Стиль | страница 2



Лев Толстой в «Войне и мире» еще мог написать: «Вино ее прелести ударило ему в голову». Потому что Толстой до тридцати пяти во многом был романтик: офицер, авантюрист, игрок, лошадник, бабник, любитель приключений. А Чехов был уже беспощадно и исчерпывающе честен до цинизма. И он издевался над штампом «Мороз крепчал».

В начале XX века некоторые французы сказали: хватит этих красивостей. Если идет дождь, то не надо писать: «Холодные серые струи закрыли пространство» и тому подобное, а так и надо написать: «Шел дождь». Каждый и так видел дождь и представляет себе, как он выглядит.

Одни говорили, что это позволяет правдивее, а значит честнее, а значит глубже и богаче, изображать действительность. А другие им возражали, что для этого не надо быть писателем, написать «Шел дождь» может любой чиновник, а задача писателя – написать что-нибудь эдакое, на пределе своих возможностей и читательского понимания, чтоб создавать новое в литературе и раздвигать ее горизонты во все стороны, а также вверх и вглубь.

Пожалуй что вершиной второго направления стал Джойс с его тысячестраничным «Улиссом». Джойс прошелся едва ли не по всем мыслимым стилям и способам литературного изложения, вспомнил в своем романе кучу литературных эпох и способов, и таки создал кирпич-шедевр. А наиболее мощным и характерным выразителем первой точки зрения стал Хемингуэй. Говори только то, что явно есть, и так, каково оно явно есть! И если точно скажешь – читатель почувствует и поймет то, что ты не выразил словами напрямую, а показал через напряжения действительности, через неуловимые нюансы, по жизни известные и понятные читателю тоньше, чем возможно выразить специальными назывными, прямыми словами.

В конце пятидесятых Хемингуэй приземлился в советскую литературу, как космический корабль на рыночные лотки.

Ведь революция и Гражданская война разломила русскую литературу на две неравные половины с неравной судьбой. Эмигрантская половина доживала то, что набрала на родной земле, и тихо иссякала на месте; разве что двуязычный Набоков, спортсмен-космополит, жил и писал сам по себе. А в советской литературе изначально пустил корни «социалистический романтический экспрессионизм». Жестокая романтика.
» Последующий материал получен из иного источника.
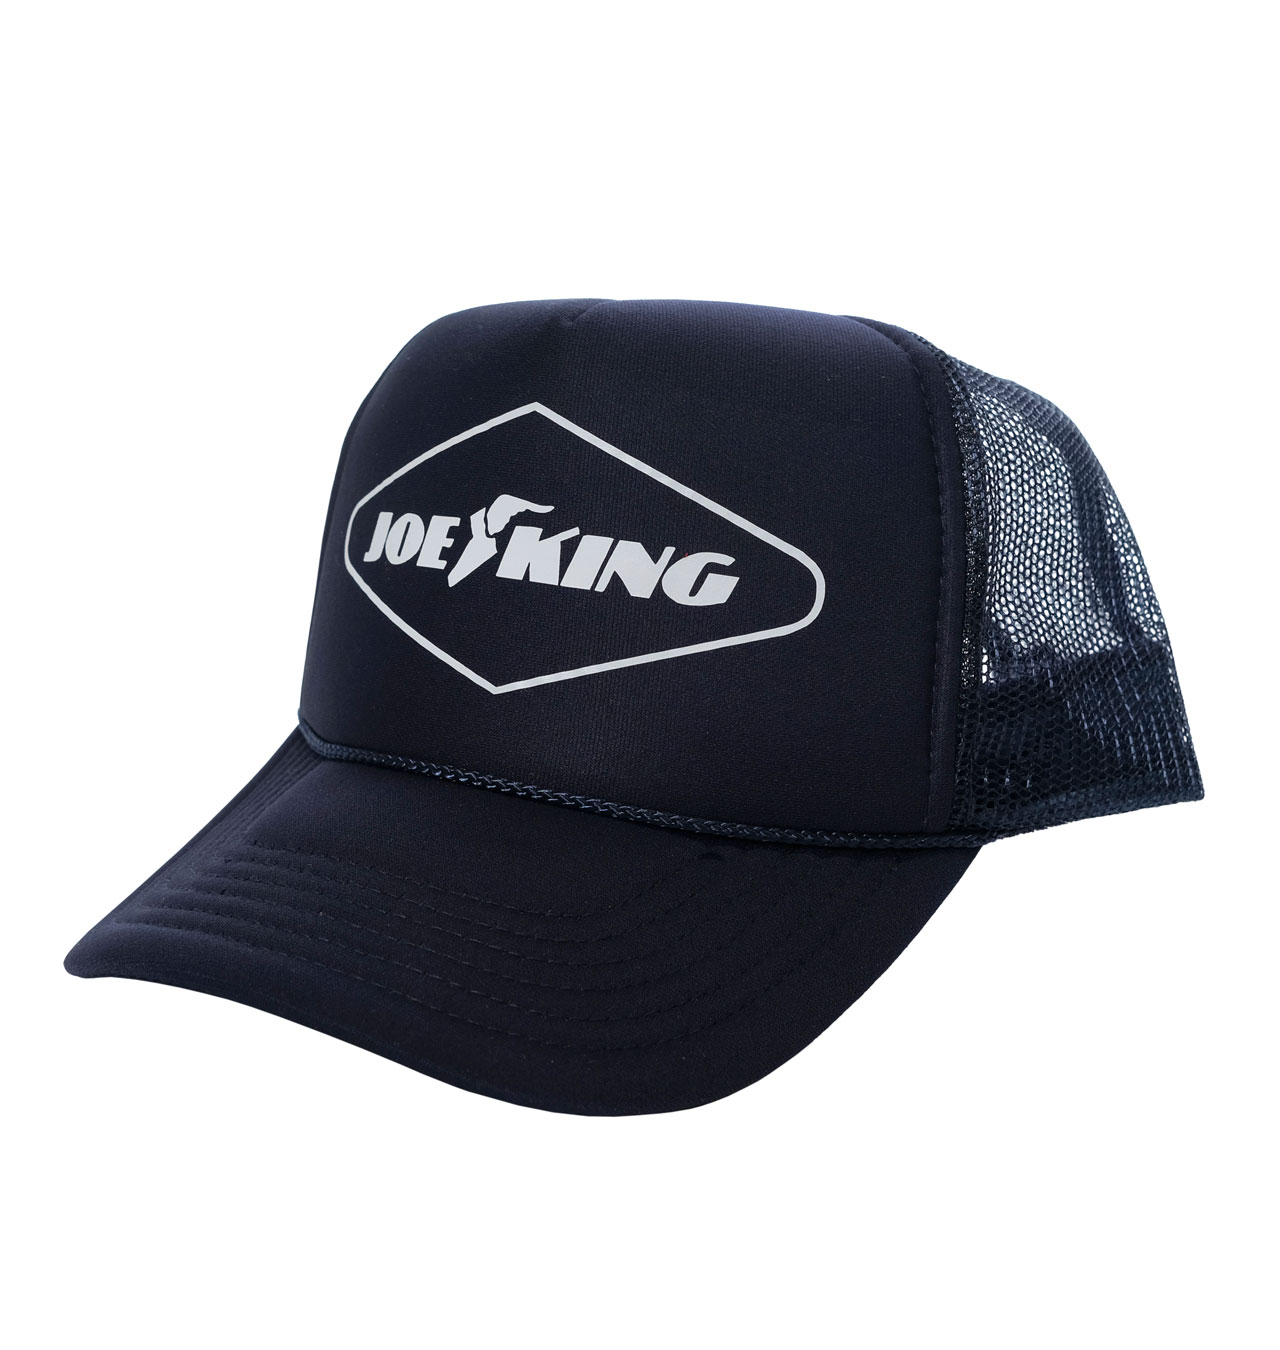 Joe King - JK Vintage Racing Mesh Cap - Navy
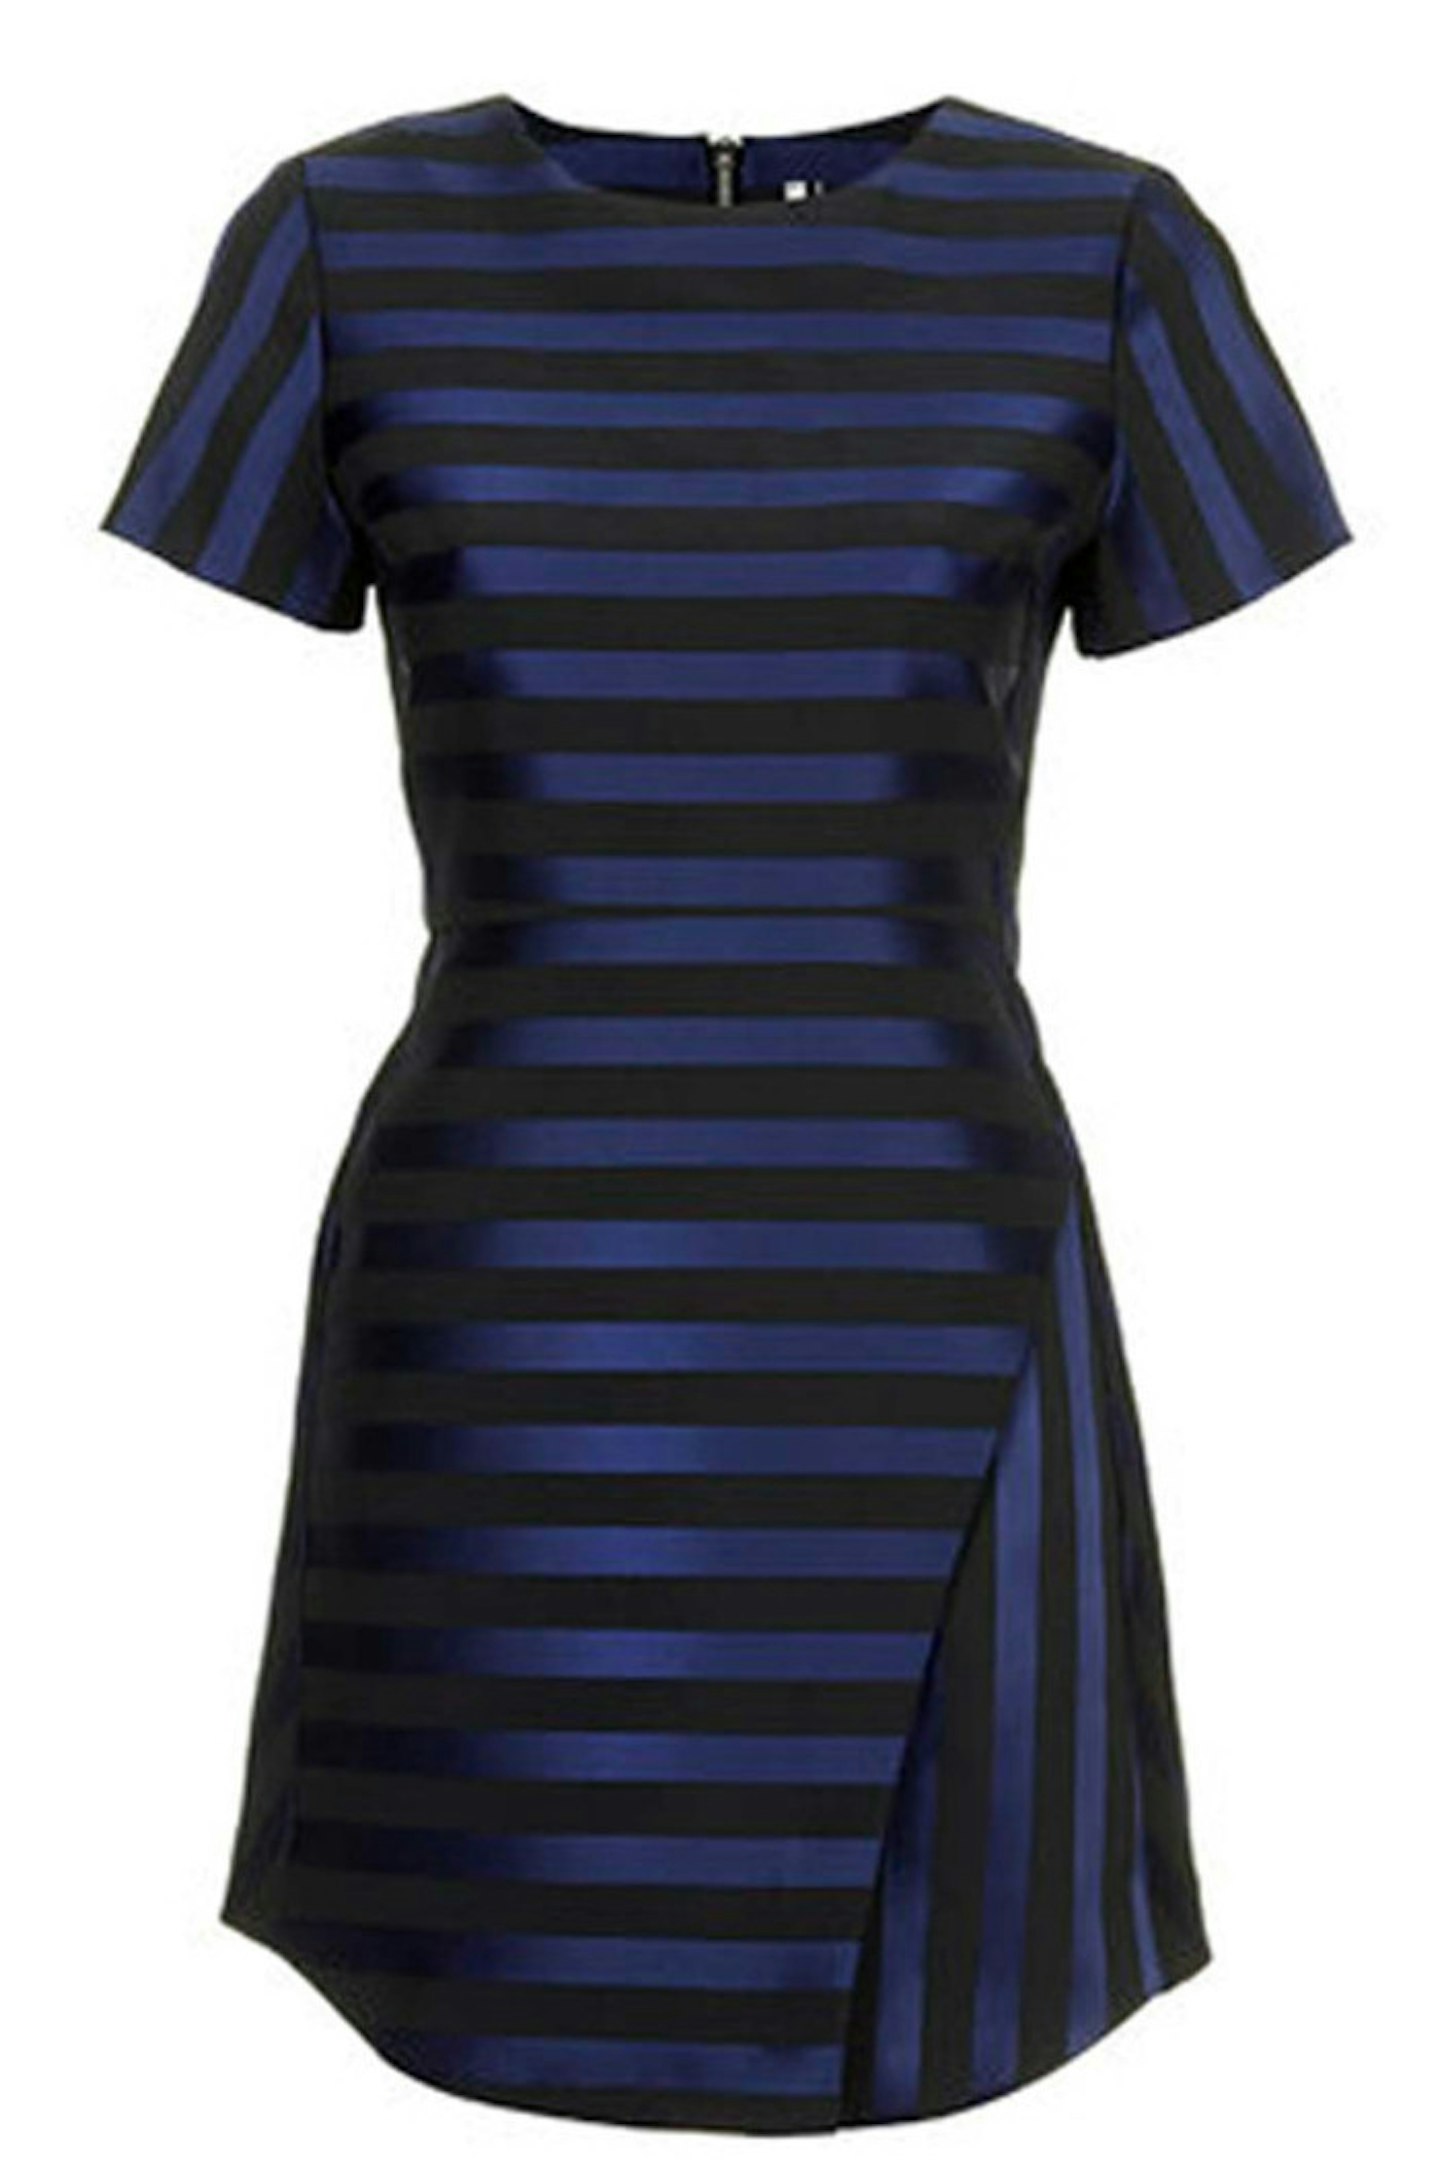 46. Blue and black striped satin dress, £70, Topshop

Идея, кровь, надежда, самопожертвование, рождение нового мира. Молодые советские писатели в это верили, этим жили, об этом писали: Всеволод Иванов, Бабель, Лавренев, Фадеев.

Потом в тридцатые годы всех прикрутили, в сороковые повыморили, в пятидесятые письменники уже сами строились по свистку в шеренги, а на правом фланге – секретариат: Бубенновы, Павленки, Панферовы, Кочетовы и хрен знает кто там еще. Уровень их таланта был несколько ниже поверхности луж, воспитывались они на советской классике, и стиль их был стилем как раз бездарных чиновников, подражающим революционным романтикам. Везде были эпитеты, горячие чувства, гневные речи, трепетные любови и беззаветные преданности делу, которому мы служим. И хотя народ был оболванен, ибо народ по определению существует для оболваненности, просто формы ее бывают разными, так вот по-советскому оболваненный народ отчетливо сформулировать для себя не мог, но смутно чуял и инстинктивно понимал, что книжки книжками – а жизнь, знаете, жизнью.